遺族が書いてきたこと 第三者の英霊化のずれ
武石さんの両親は7月30日、東京で会見した。
父親は、知華は学校を信じて送り出した研修旅行で、知らないうちに抗議活動に使われた船に乗せられ、大波にのまれ、そのまま帰ってこなかった、と述べた。
誰が見ても明らかな安全管理の欠如があるのに、亡くなった船長だけが送検され、誰一人法廷で刑事責任を問われずに終わる可能性がある。それは耐えられない。
同じ事故が再び起きても学校は現場に関わらない方が安全だという前例にしてはならない。
だから告訴に踏み切った、というのが父親の論理である。
母親は、知華は学校も先生も大好きだった、教員を告訴していいか悩んだ、とためらいを隠さなかった。
会見の軸は真相究明と再発防止であり、知事選の勝敗や日本を救ったという物語ではない。
noteなどでの発信も、事実経過と責任の所在に寄っている。
橋本氏の一文は、その宿題から離れ、死そのものを国家の成果として回収している。
死を無駄にしない擁護はどこまで通じるか
擁護側は、災害や事件のあとによく使う死を無駄にしないと同じ誓いだ、と読む。
あるユーザーからは、「批判する側は前段を読まないのではないか、沖縄の平和運動家の実態を再認知させ県知事選の結果にも影響を与えたであろうことは疑いない、犠牲を忘れない誓いだ」と書いた。
この主張には一段の理がある。事故が選挙戦の争点になり、抗議船の運用や学校の安全配慮が改めて問われた事実は否定しにくい。
再発防止や責任追及までなら、遺族の文章とも重なる。
しかし橋本氏はそこで止まらず、救った、100年200年歴史に刻む、まで進めた。
前者は検証と制度改正に回収できる。後者は選挙結果と国家の物語に回収する。
前置きがあっても結論が英霊化なら、批判の核は消えない。
影響力があったかどうかの事実認識と、その死を祀るかは別問題である。
炎上の広がりと、橋本氏のこれまでの論争体質
橋本琴絵氏は1988年11月17日、広島県尾道市生まれ。広島大学附属福山高校、九州大学を経て英国バッキンガムシャー・ニュー大学で修士号を取得した。
2017年衆院選で希望の党から広島5区に出馬し落選。月刊WiLLなどに寄稿し、われ正気か、日本人をなめとるのか、新大東亜戦争肯定論などの著書がある。Xフォロワーは約30万人。
辺野古事故については数ヶ月にわたり、武石さんがボート搭乗を嫌がっていた、引率教員が点呼や人数報告をしなかった、平和教育の名で生徒を動員した、といった長文を繰り返し、個別投稿でいいね数万、表示数十万に達したものもある。

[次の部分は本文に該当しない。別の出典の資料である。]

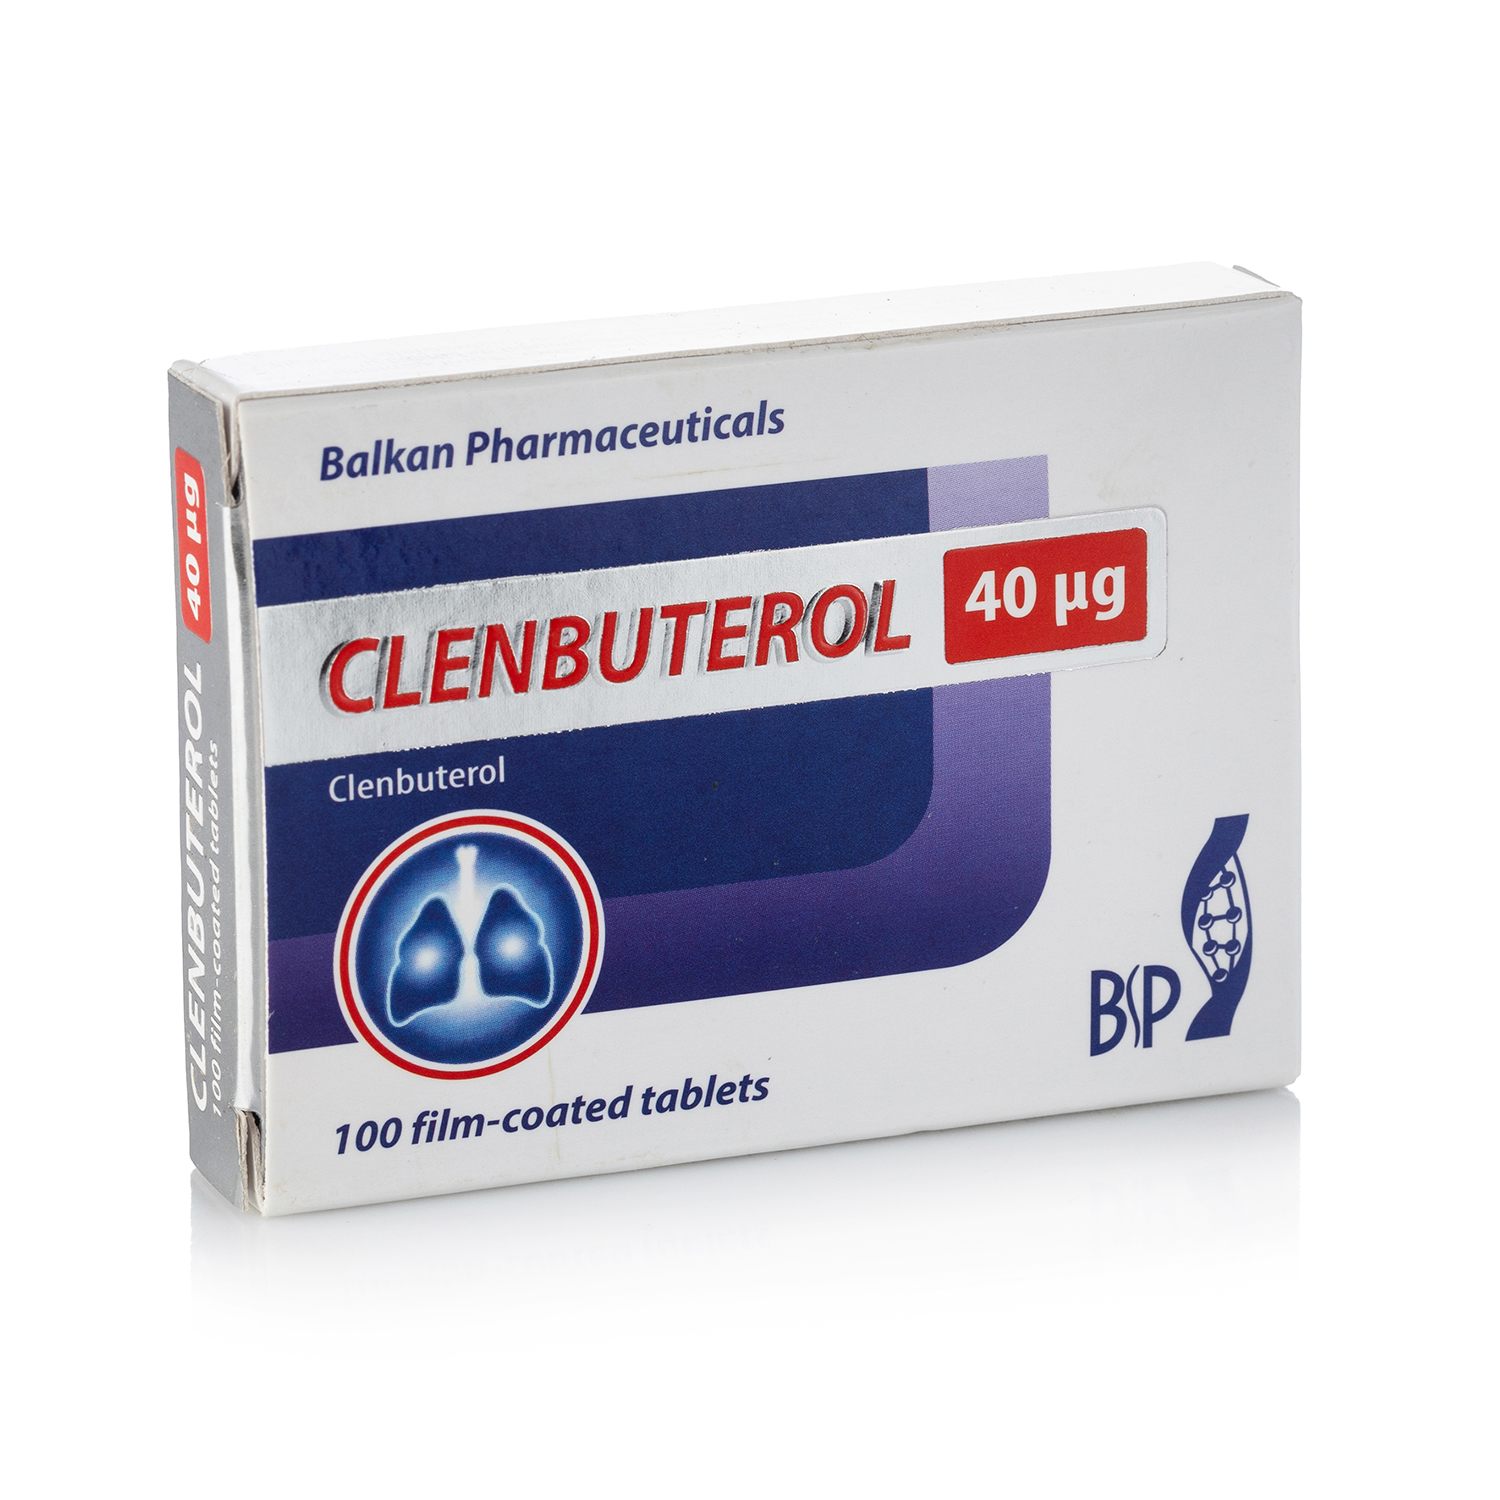 Clenbuterol 100 табл. х 40 мкг.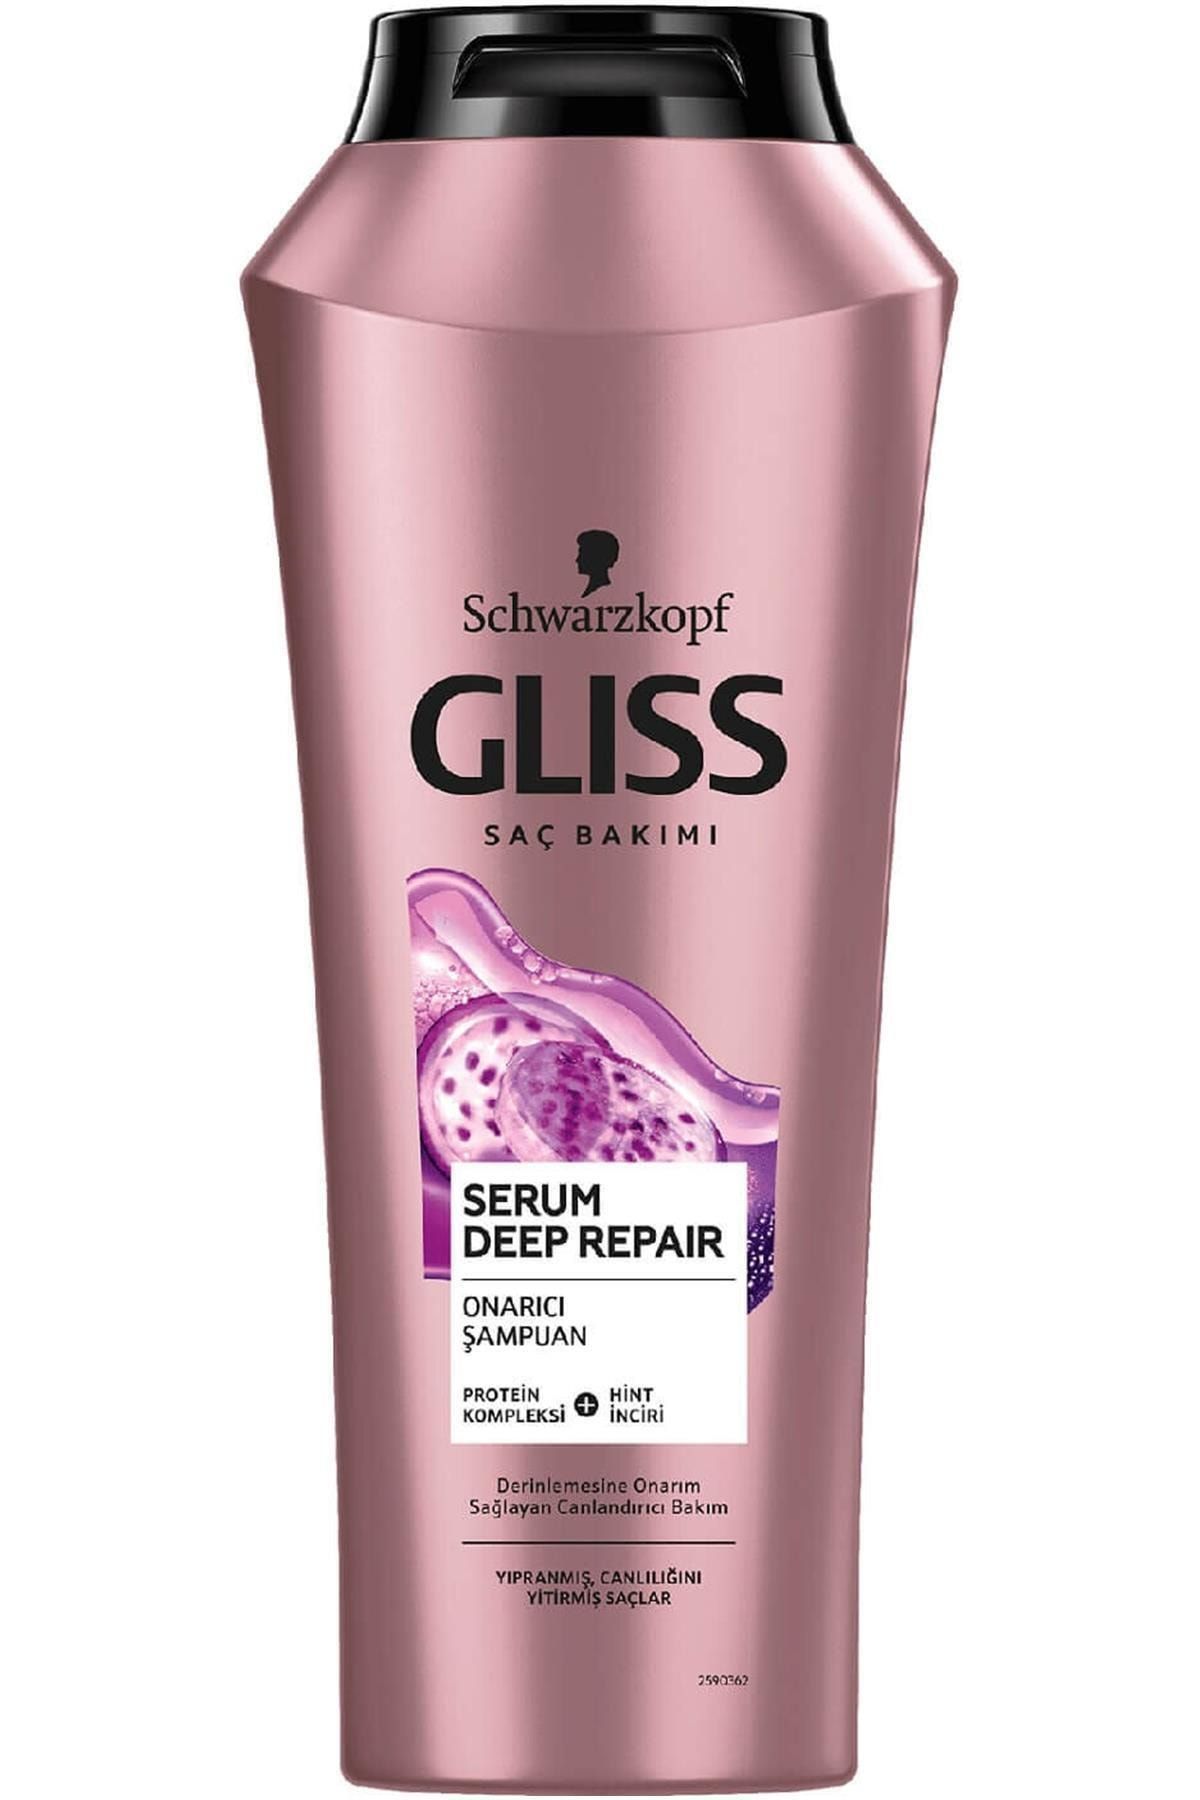 Gliss Marka: Serum Deep Repair Şampuan 500 Ml Kategori: Şampuan

一方で論争も多い。2018年頃のネアンデルタールは弔意がないとする投稿、2020年の産後うつは甘え、家事や育児を怠ったら怒鳴りつけて躾けましょう、といった発言は報道された。
2026年4月には写真への中傷に開示請求し賠償が確定した件も報じられた。
支持層は本音を言う人と見る。反対側は、他者の苦痛を自説の材料にする人と見る。
今回、多子の母である本人が自分の子なら言わない、という声が出たのはその延長である。
残る争点は政治利用か、事故の責任追及か
事故の事実関係は別途重い。
2026年3月、辺野古沖で船2隻が転覆し、武石さんと船長が死亡、生徒らも負傷した。
第三者委員会は学校が下見をしていなかったこと、教員が船に乗らなかったことなどを最大の原因と認定したと報じられた。
遺族は校長、引率教員、ヘリ基地反対協議会関係者らを業務上過失致死傷などで告訴し、海保の家宅捜索も報じられている。
産経は防犯カメラ映像をもとに、陸上で点呼が取られず、生徒から1人足りないとの申告で再捜索が始まった経緯を伝えた。
橋本氏が長く書いてきたのはこの責任論である。
学校の安全義務、無許可に近い運航、生徒の意思確認の欠如は、政治的立場を離れても検証に値する。
9月14日の一文は、その検証を選挙と国家の勝利物語へ飛ばした点で別物になった。
死者を国策の物語に乗せる衝動は、戦死者を国を守った英霊として回収する語りと構造が似る、という指摘も出た。
規模も強制の質も同じではない。
しかし遺族が船長一人の事故にしないと書いている最中に、第三者が歴史に刻むまで先走れば、セカンドレイプ的だという反発は避けにくい。